A hypothesis may be hold true until there is something strong enough to reject it – that will be found on the data collected. If no data is able to disprove the hypothesis, some empirical tests and experiments may be necessary to assess whether the hypothesis is confirmed or rejected. Problem reproduction, either at the customer’s environment or in house, may be necessary to see the problem happening and make the necessary tests looking for ways to validate the hypothesis.
The scientific method looks for understanding some phenomenon, and then to find likely explanations that have a degree of certainty based on accuracy of data collected and analyzed. In problem resolution, though, the troubleshooter is looking likely causes of a problem that can be then confirmed and addressed allowing the problem to be fixed.
During this phase, the findings of the research will be reported, indicating which hypothesis are supported by data and therefore confirmed as the most viable scientific explanation.

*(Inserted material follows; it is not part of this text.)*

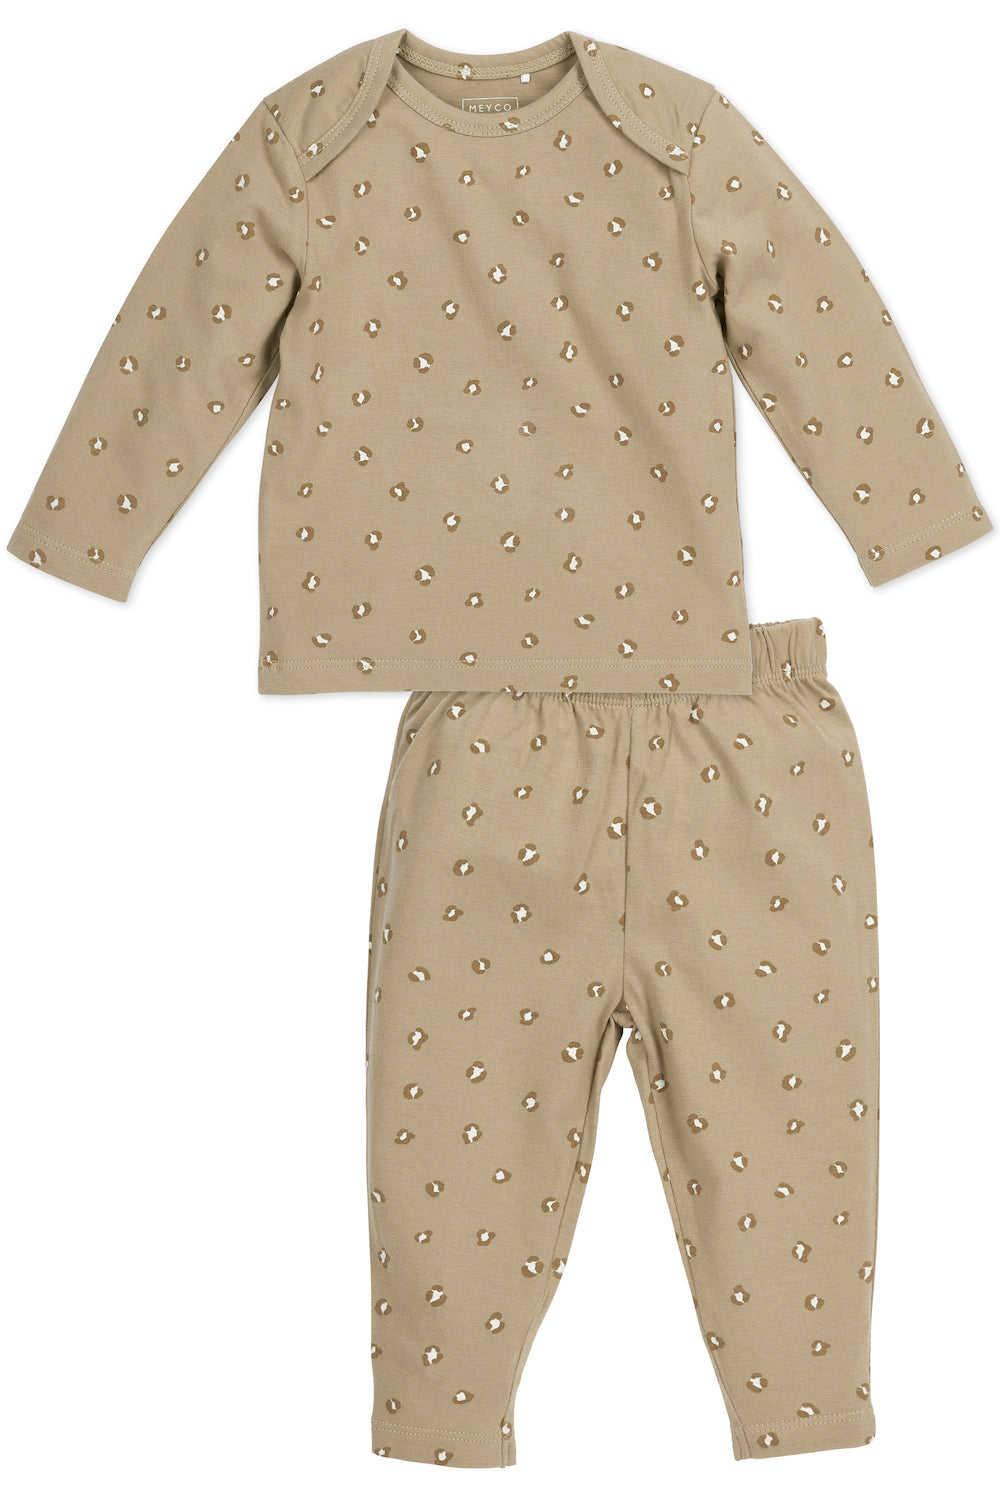 Pyjama Mini Panther Sand size 74/80

In a troubleshooting framework, in this phase a resolution action plan will be shared with the customer so he or she can finally apply it on the environment and evaluate the results.
The support engineer is instrumental in this phase to help the customer to understand how the action plan should be performed and to answer any questions the customer may have around that; he or she many even need to perform the steps of the action plan him or herself to make sure it is implemented correctly. Again, sound technical knowledge on the matter will be the difference to help the customer with an implementation that will be effective and with less pain possible.